Após o trânsito em julgado da decisão, encaminhem-se os autos à Coordenadoria de Monitoramento e Execuções, para a adoção das providências cabíveis. VISTOS, relatados e discutidos,

ACORDAM

OS MEMBROS DO TRIBUNAL PLENO do TRIBUNAL DE CONTAS DO ESTADO DO PARANÁ, nos termos do voto do Relator, Conselheiro IVAN LELIS BONILHA, por unanimidade, em:

I- Conhecer e julgar procedente a presente Representação do Ouvidor, nos termos da fundamentação, para o fim de:

a) aplicar a multa prevista no artigo 87, inciso IV, alínea “g”, da Lei Complementar Estadual n.º 113/2005 à Sra. Elizabeth Stipp Camilo, em vista da violação ao artigo 37, §1º, da Constituição Federal, bem como aos princípios da impessoalidade e da moralidade;

b) condenar a Sra. Elizabeth Stipp Camilo à recomposição do erário municipal correspondente aos valores despendidos com (i) a elaboração da logomarca e a personalização dos veículos públicos, somado (ii) aos valores a serem gastos na pintura e regularização dos ônibus – diligência que deverá ser exigida da representada pelo atual gestor –, devidamente atualizados, cujo montante deverá ser apurado em sede de liquidação da decisão; e

II- encaminhar, após o trânsito em julgado da decisão, os autos à Coordenadoria de Monitoramento e Execuções, para a adoção das providências cabíveis.
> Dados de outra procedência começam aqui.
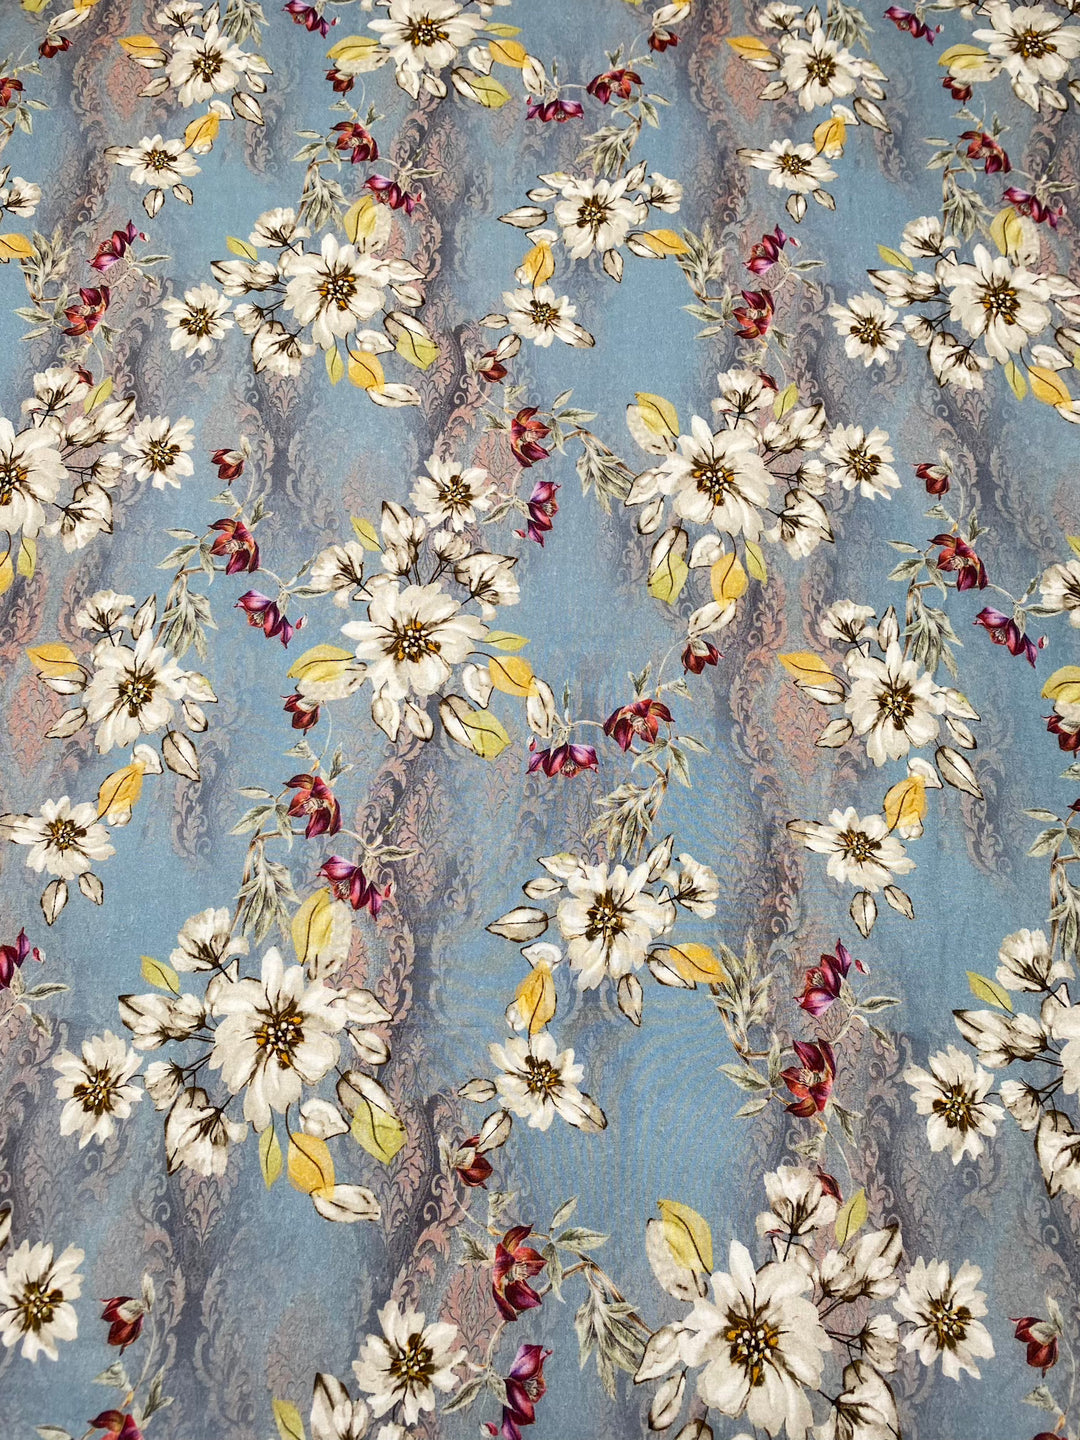 Printed Floral Cotton Fabric Blue

Votaram, nos termos acima, os Conselheiros NESTOR BAPTISTA, ARTAGÃO DE MATTOS LEÃO, FERNANDO AUGUSTO MELLO GUIMARÃES, IVAN LELIS BONILHA e JOSE DURVAL MATTOS DO AMARAL e o Auditor TIAGO ALVAREZ PEDROSO.

Presente a Procuradora Geral do Ministério Público junto ao Tribunal de Contas, VALERIA BORBA.

Plenário Virtual, 28 de abril de 2022 – Sessão Ordinária Virtual nº 6. IVAN LELIS BONILHA Conselheiro Relator FABIO DE SOUZA CAMARGO Presidente.